=== REQUIRED WORK ===
Only the lines from the start of the data through the line with "Positive smiling customers" belong in the copy. Restate them word for word, minus the pictures.

=== INPUT DATA ===
=== Begin Enclosure ===
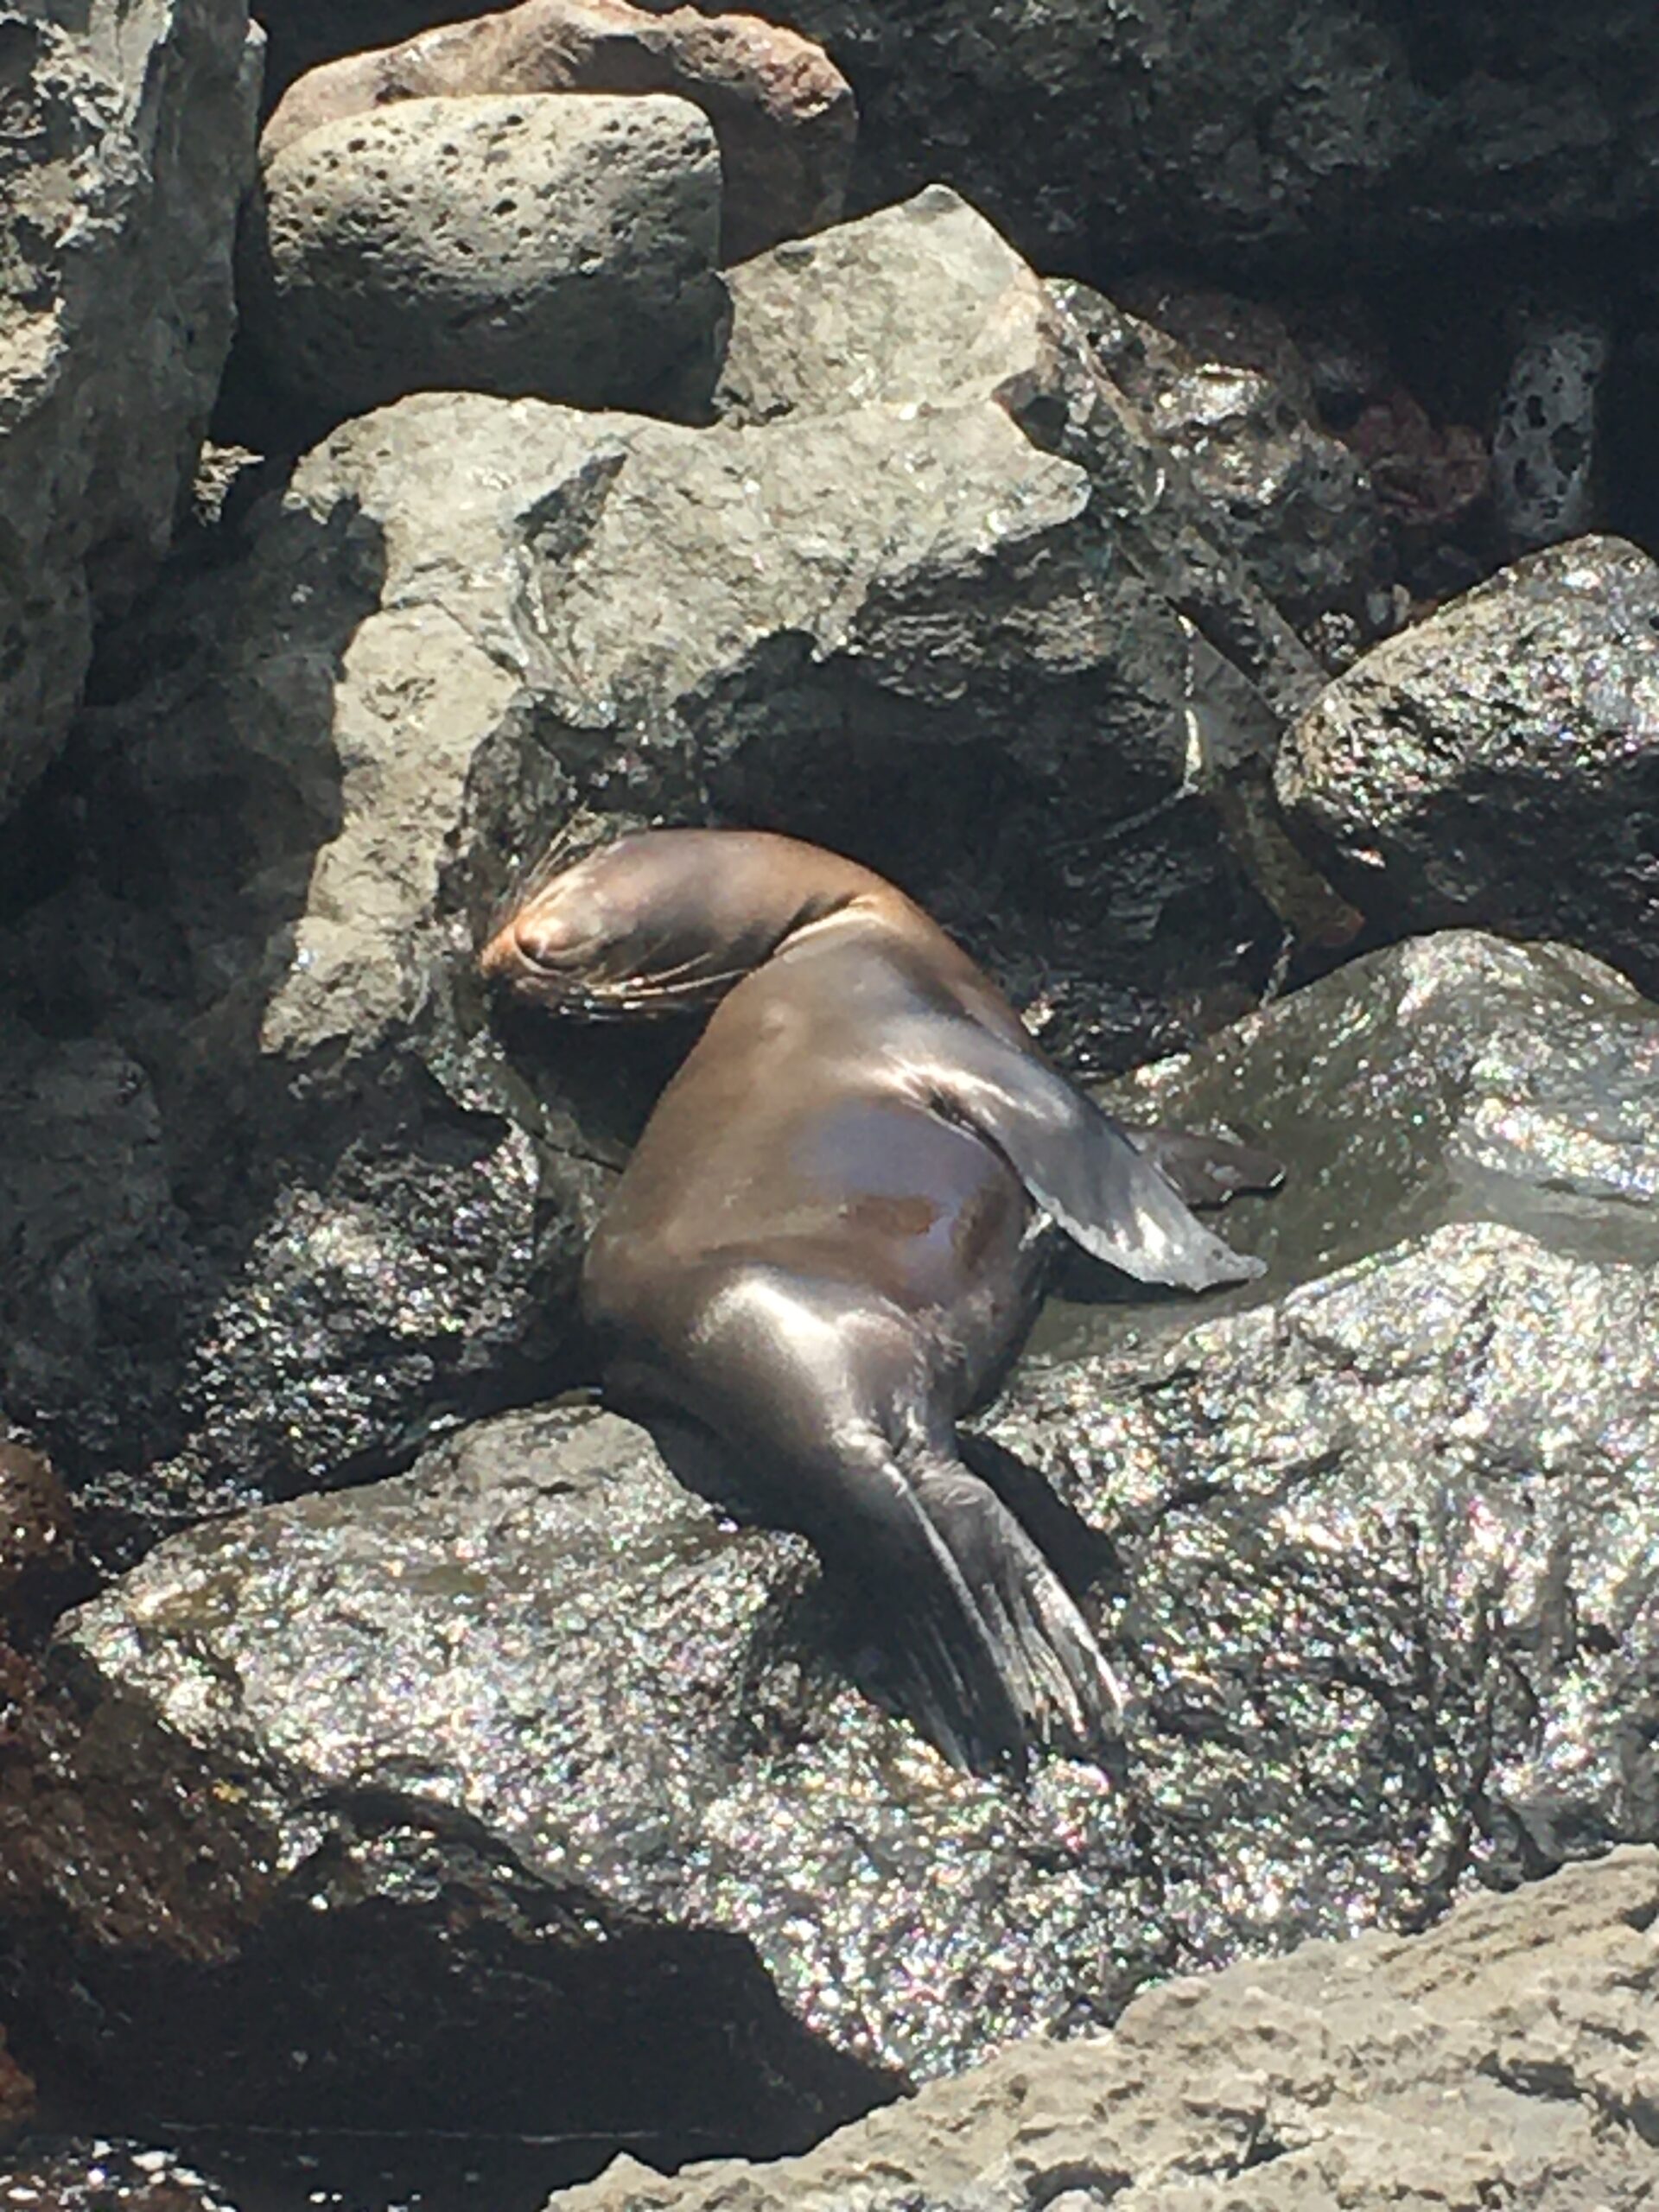 Pictured is a sea lion sitting on a grouping of rocks. In the phot, the sea lion has its neck completely extended back towards its back.
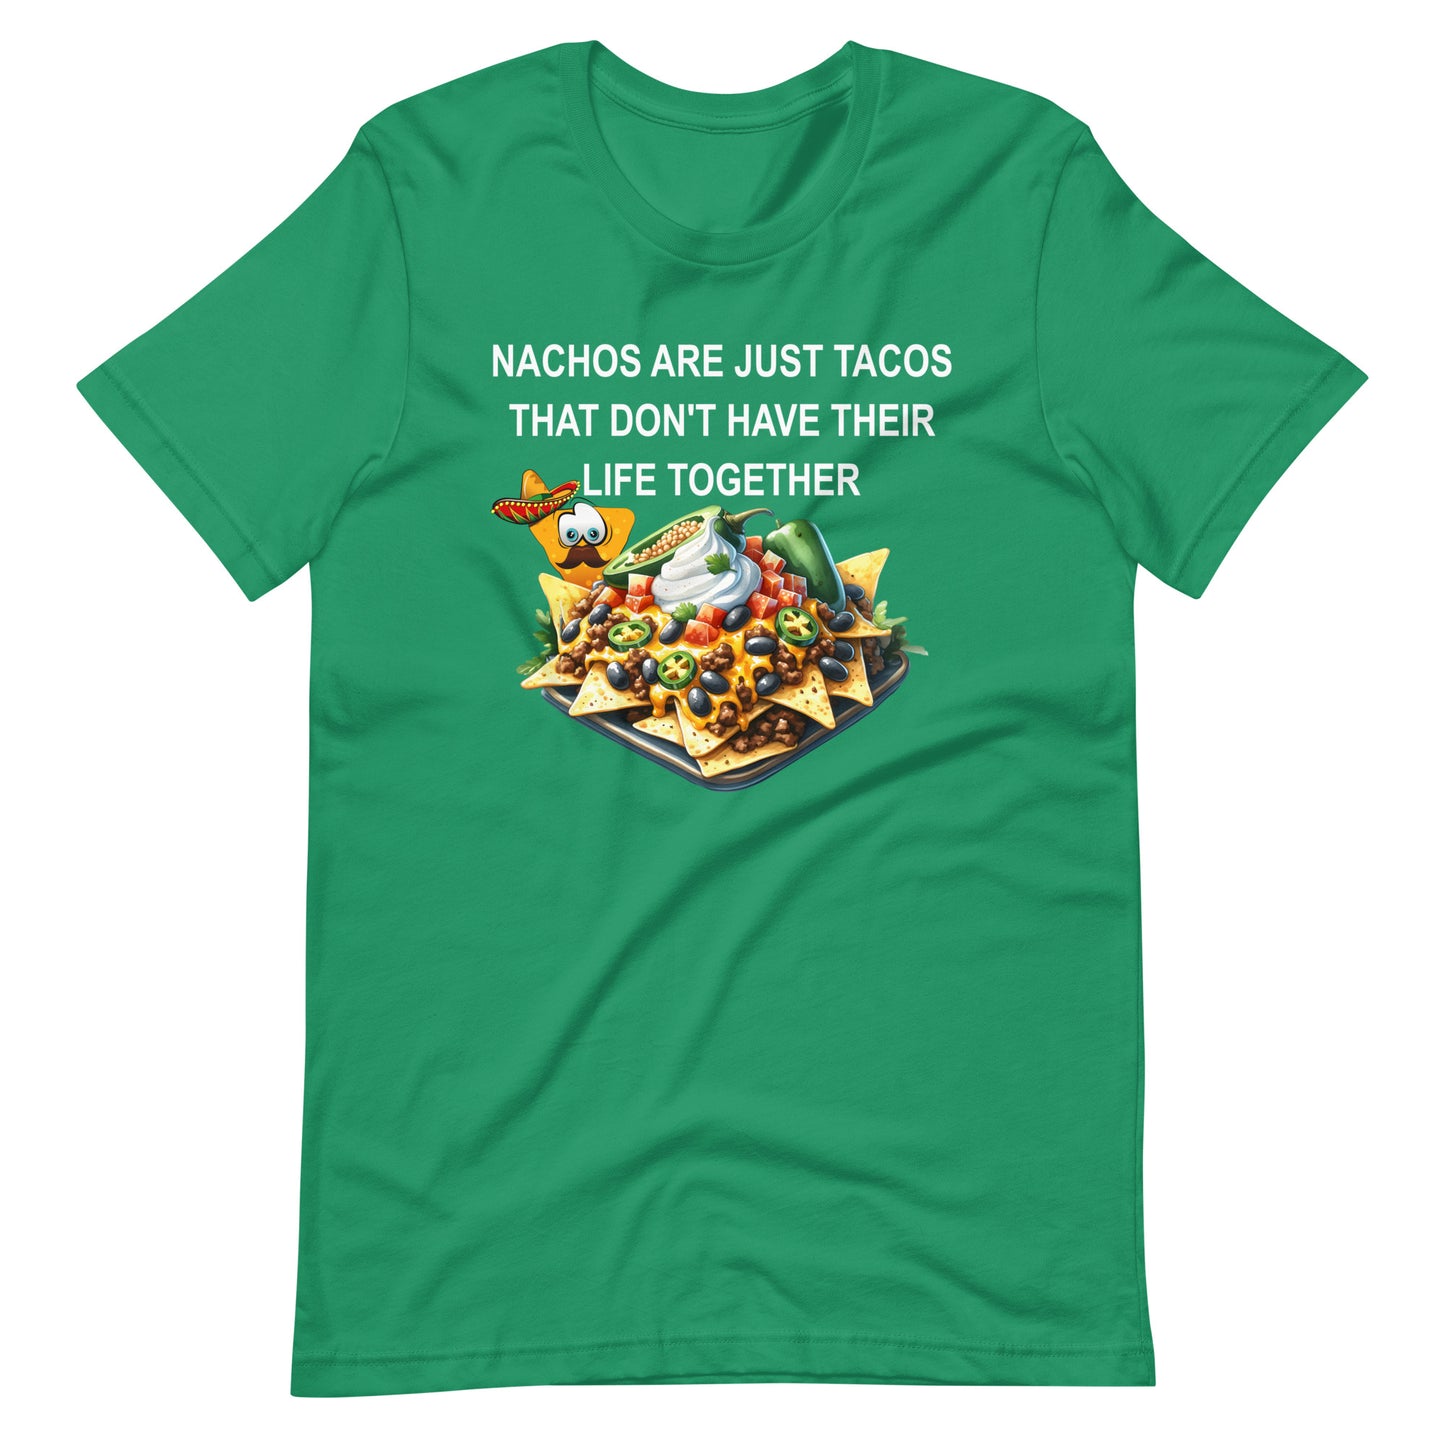 Nachos Are Just Tacos That Don't Have Life Together T-shirt
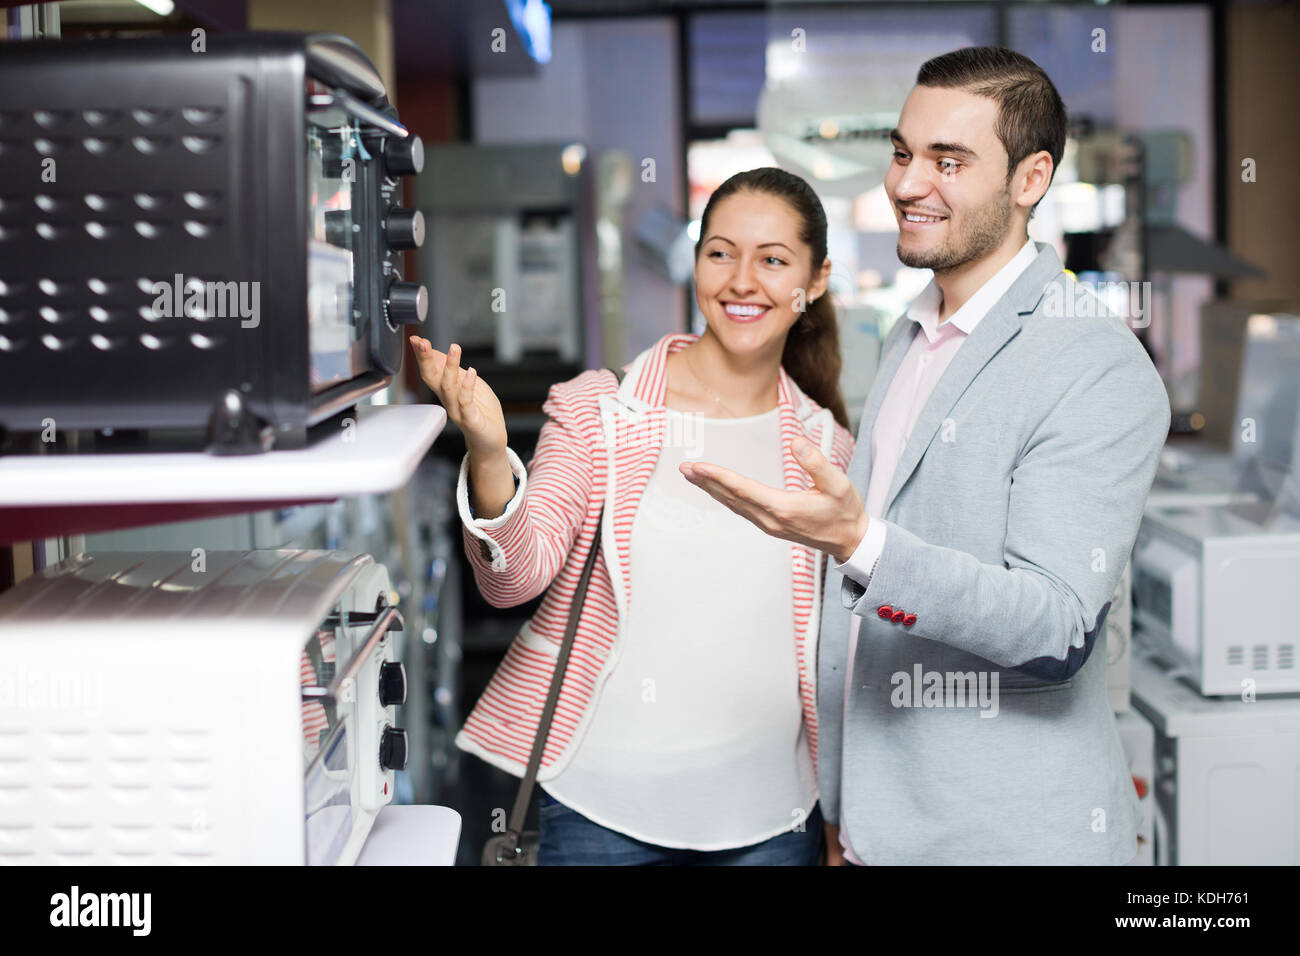 Positive smiling customers choosing new microwave oven in hypermarket . Focus on guy Stock Photo
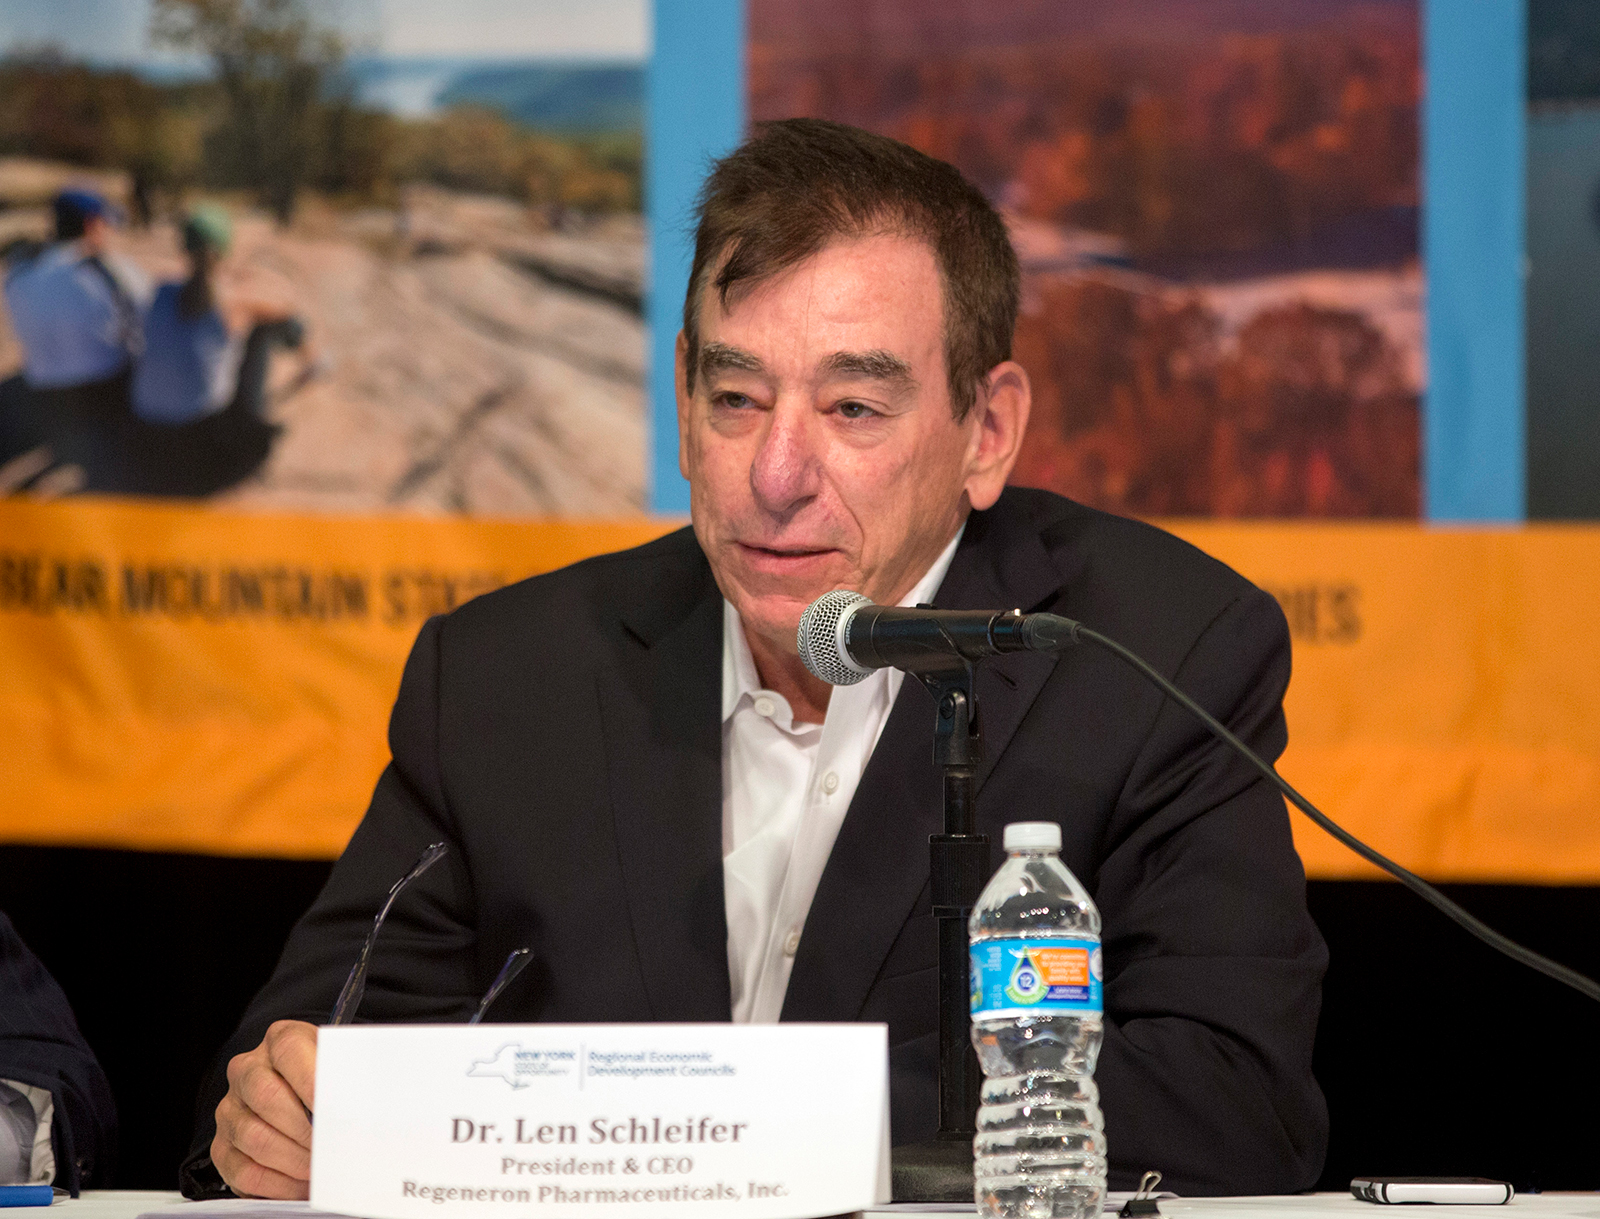 Dr. Len Schleifer, president and CEO of Regeneron, speaks during a hearing in Albany, New York, on October 20, 2015.
=== End Enclosure ===
=== EXPECTED ANSWER ===
 Pictured is a sea lion sitting on a grouping of rocks. In the phot, the sea lion has its neck completely extended back towards its back.
 Nachos Are Just Tacos That Don't Have Life Together T-shirt
 Positive smiling customers choosing new microwave oven in hypermarket . Focus on guy Stock Photo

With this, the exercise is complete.